I don't want. I cannot even imagine what will come out with the words. Something bad, of that I'm sure. "Where's Tier?"

"On Amelia." It's the same answer I get from Lucan when I ask him.

"Why? Why is he hundreds of millions of miles away when I'm right here?"

"I'm not sure, Junco," he lies. I know Gideon well. And that was a lie.

"Go away."

He does go and as soon as the door closes behind him I am up and moving towards the window. I stop myself before the sky comes into view. I stop.

I am stopped.

But I look, and lean forward a little, stretching to catch a glimpse.

And when I do I smile.

Because they're not there.

And then I laugh. They're not there! It's cloudy!

Gideon's boots move away on the other side of the door and I don't even care that he just caught me. I don't care. I feel the dark place inside me. It's back. That motherfucking bitch has opened up my dark place and I will get her for this. I will not rest until I have wreaked evil and destruction on everyone who had a part in it.

That bitch violated me.

Violated me. For two years.

I know who I am. I know
exactly
who I am.

And soon, everyone else will too.

Chapter Three

 

I stay in my room until it's almost time for Lucan to return the next day. The urge to cry is almost one hundred percent in check now. I've overcome it, like an immune system might overtake a foreign invader of the body. This makes me laugh as I stand out on the terrace. What the hell happened to my antigens, for fuck's sake? That bitch—

Stop, Junco. Just let it go for now.

I breathe out and the anger spews into the air like a disease.

There are no poker games tonight.
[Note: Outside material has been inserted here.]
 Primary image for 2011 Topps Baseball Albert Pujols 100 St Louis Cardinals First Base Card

Gideon gave in and made the luxury palatial apartment off-limits to the guards. That's who all those guys were. Just guards. It seems so silly to have been afraid of them. I mean, I could probably take them all at the same time if I really wanted to apply myself.
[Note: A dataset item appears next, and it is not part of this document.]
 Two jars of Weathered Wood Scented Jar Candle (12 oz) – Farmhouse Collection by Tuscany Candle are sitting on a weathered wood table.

Stupid, Junco, they're here to protect you, not fight you.

Right, I know that, too.

I'm better now. Better than I was last night, that's for sure. I don't even have the urge to look up at the stars, it's not time yet. Soon, but not yet.

"Oh, I'm so pleased, Junco!" Lucan is standing next to me with a smile on his face.

"Pleased about what?"

He locks his arm in mine. "You're outside, dressed, fed?"

I nod.

"Excellent. That's excellent."

"What am I, a toddler? Some small child who gets a gold star for not wetting herself?"

He laughs. "Oh, you
are
back." He stops to laugh again. "I was so worried about you, but see? Gideon was right, you cannot be coddled too much. It's counterproductive—counter-intuitive was what he said, actually—to be coddled."
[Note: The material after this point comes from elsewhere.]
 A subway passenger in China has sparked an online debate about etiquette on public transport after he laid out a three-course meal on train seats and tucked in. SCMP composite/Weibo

"That's the dumbest thing I've ever heard. Everyone wants to be coddled once in a while."

He nods. "Yes, that's true. Do you require more coddling?"

I smile. "No, I've had enough, thanks."

He remains silent as he gazes out at the ocean. It's lovely here, really it is. I mean, who wouldn't want to recover from tragedy in a place like this? Paradise. This is paradise. The beaches are white, the water is a stunning blue-green, and the temperature—mixed with the gentle wind that the Sargasso Sea is famous for—is perfect.

Gideon’s penthouse apartment has a view that almost makes you want to cry when the sun sets and there aren’t that many people here on our atoll, most of them live on the other neighboring islands, so it’s nice and private.

It’s funny when I think about it. Ironic maybe. Because one of my last memories of my old life on Earth included a silent wish to spend some time on this very same massive artificial floating island.